# Subject to Pysical damage.



## JohnJ0906 (Jan 22, 2007)

Parking lot light. 





















Perhaps rigid would have been better? Or maybe locating the conduit on the side?


----------



## MDShunk (Jan 7, 2007)

:laughing: 

You see these all the time, but they're generally messed up from lawn mowers. This one is just plain bonked flat. Never seen one quite that way. 

I agree that RMC would have been the better option. I don't really like those pot metal weatherproof boxes right near grade like that either, but that's just me. They sorta turn into crust after a number of years. I'd have probably used a cast FSC body. 

When I refeed a failed parking lot light post like this (or feed something new on down the line) I generally tap the pole exactly opposite of the hand hole. This, to me, makes pulling the wire so much easier. They tapped the pole to the right of the handhole, which made pulling a tiny bit tougher and put the pipe right where a car's bumper can smack it. Job security.

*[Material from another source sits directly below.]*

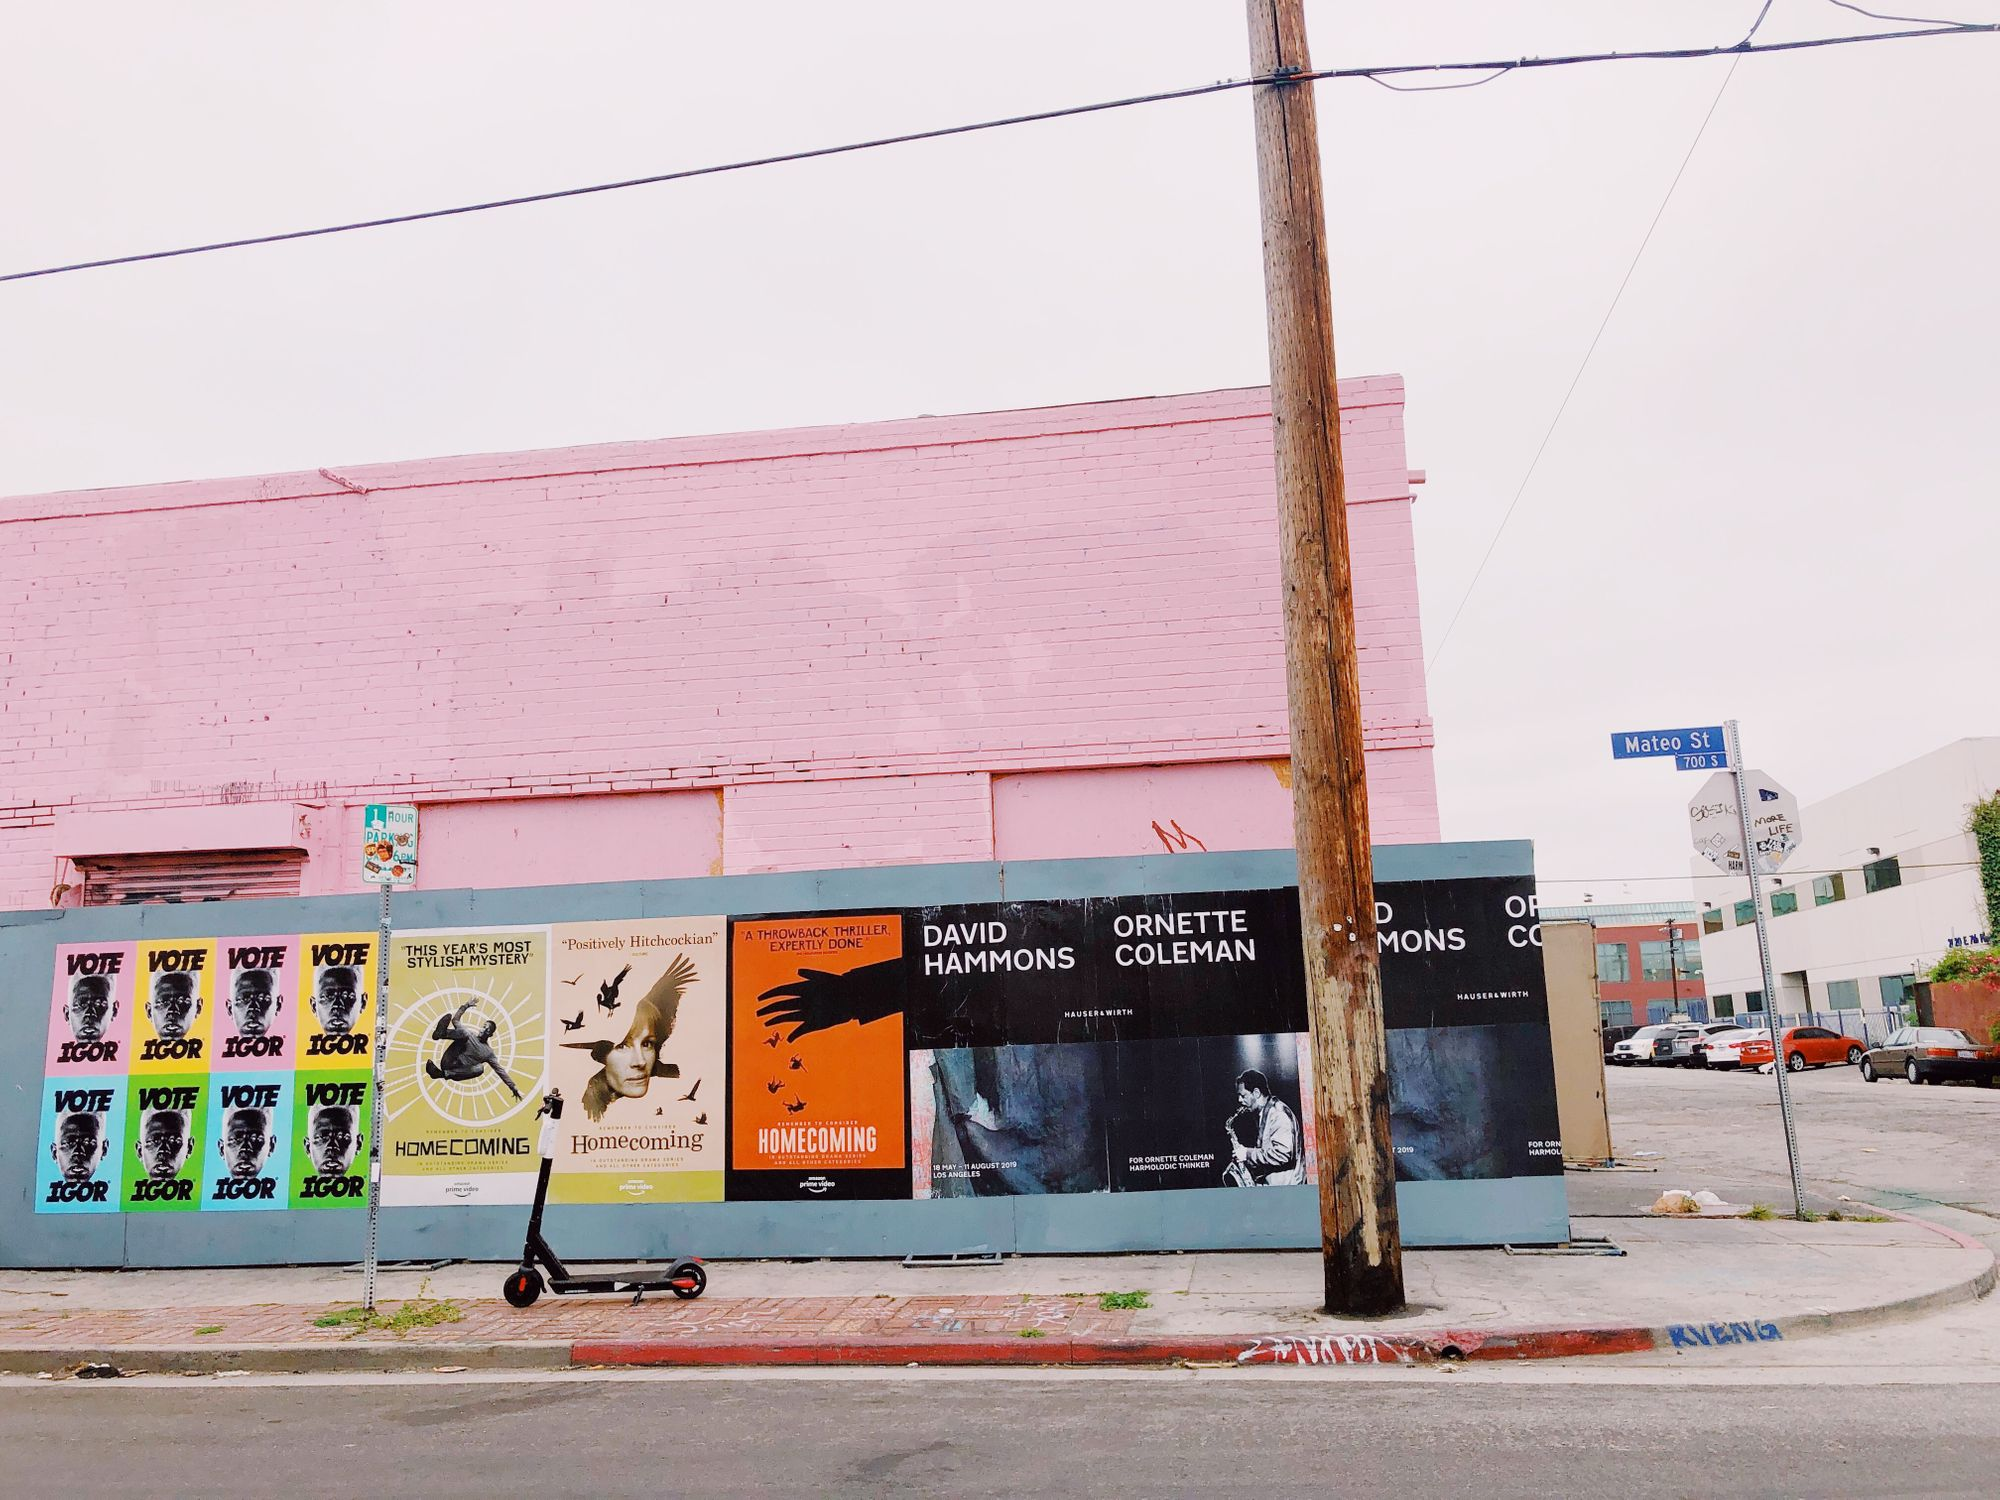 Mateo St, Los Angeles, CA 90021, USA, United States

I wonder if that EMT was energized? I'd say it might be a pretty good chance. Hard to tell what gauge wire is in that pipe, and how tight it may or may not be pinched.


----------



## JohnJ0906 (Jan 22, 2007)

When I first saw your question, "Is the EMT energized", I thought you were refering to the conductors inside, which is-yes. The light is on. 

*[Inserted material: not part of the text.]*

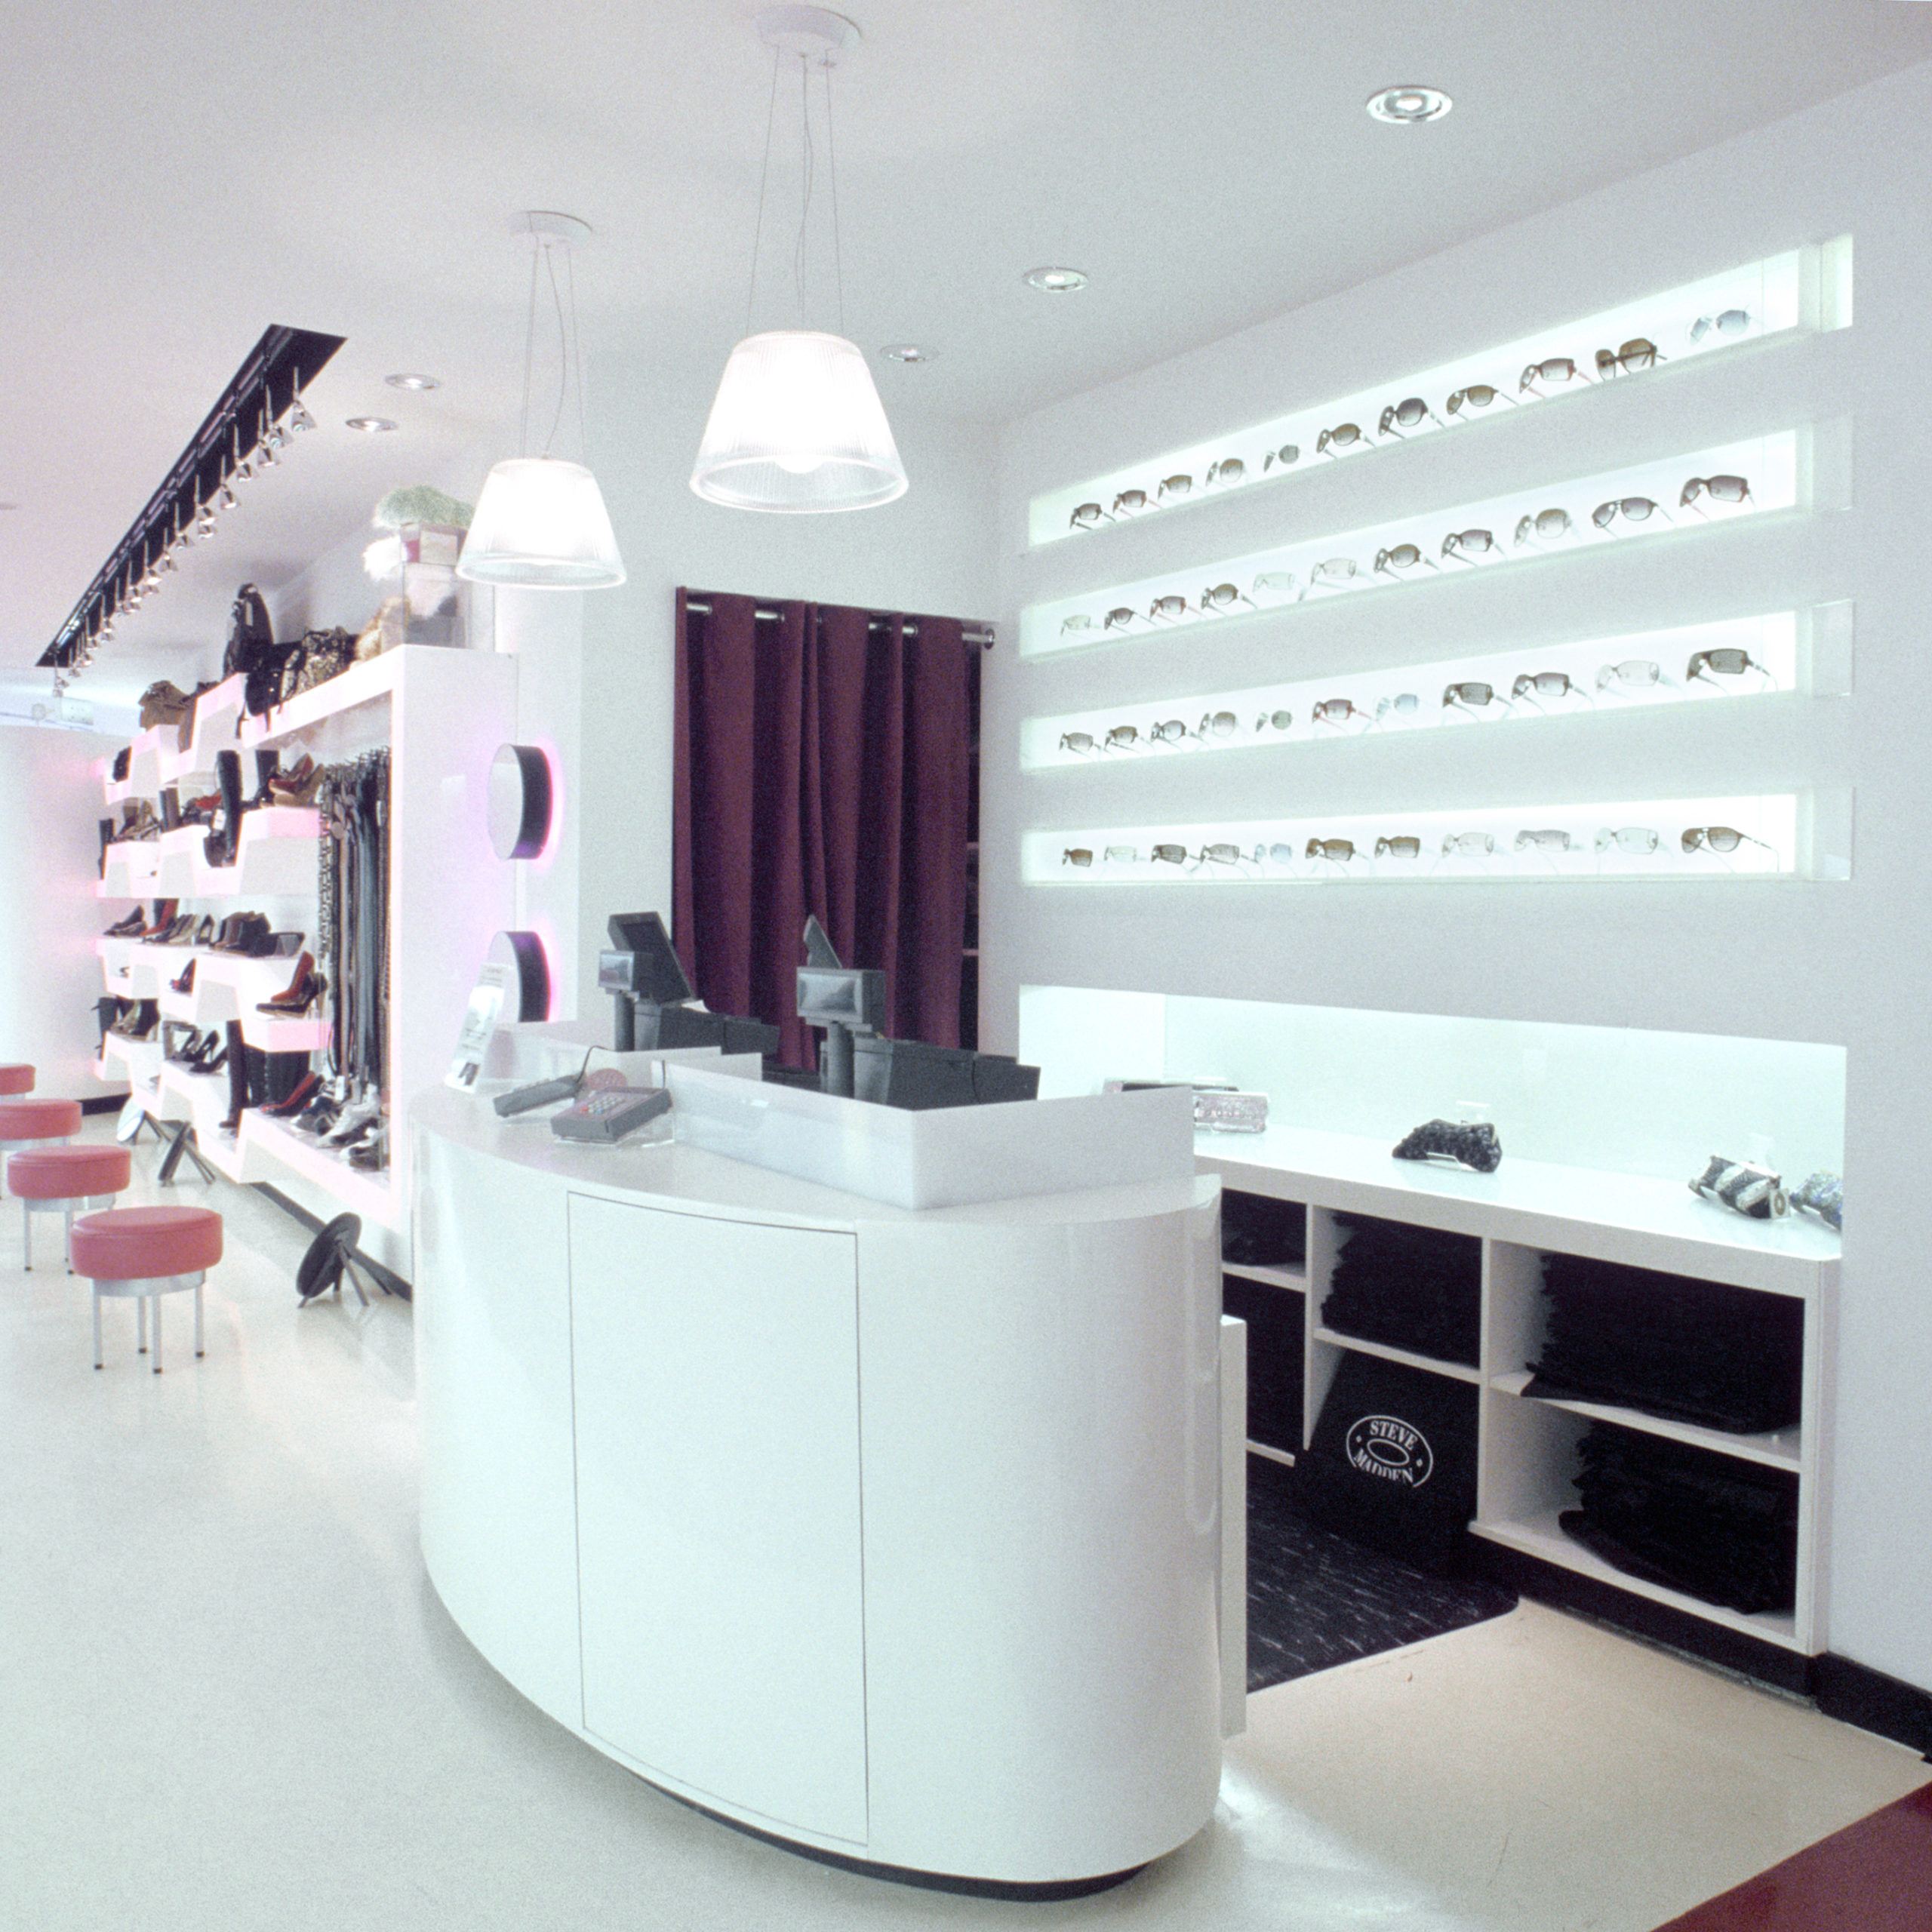 Retail store architects, New York City

But I think you meant the EMT ITSELF. I'm kind of irked at myself that I didn't check  . I actually had my tools in my truck, and I probably should have at least put the ole' volt tick on it.


----------



## nickemaxey (Mar 24, 2007)

Job security at its best.


----------



## sparkysteve (Jan 23, 2007)

My favorite is PVC stubbed up at light poles, walls, PIV valves, etc. The lawncare guys really tear them up with string trimmers and mowers. We usually use rigid.


----------



## JohnJ0906 (Jan 22, 2007)

sparkysteve said:


> My favorite is PVC stubbed up at light poles, walls, PIV valves, etc.


 
You mean like this : http://www.electriciantalk.com/showthread.php?t=137


----------



## MDShunk (Jan 7, 2007)

sparkysteve said:


> My favorite is PVC stubbed up at light poles, walls, PIV valves, etc. .

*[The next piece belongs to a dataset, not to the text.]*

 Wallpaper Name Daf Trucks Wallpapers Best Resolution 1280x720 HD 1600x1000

I thought (perhaps mistakenly) that all PIV valve conduits came up inside the valve body. No?


----------



## jbfan (Jan 22, 2007)

Ours were done as a retrofit after 30 years. I have had to repair a few because of the yard guys.
The last time, the alarm guy said it needed to be fixed because water could get inside and short out the alarm wires.


----------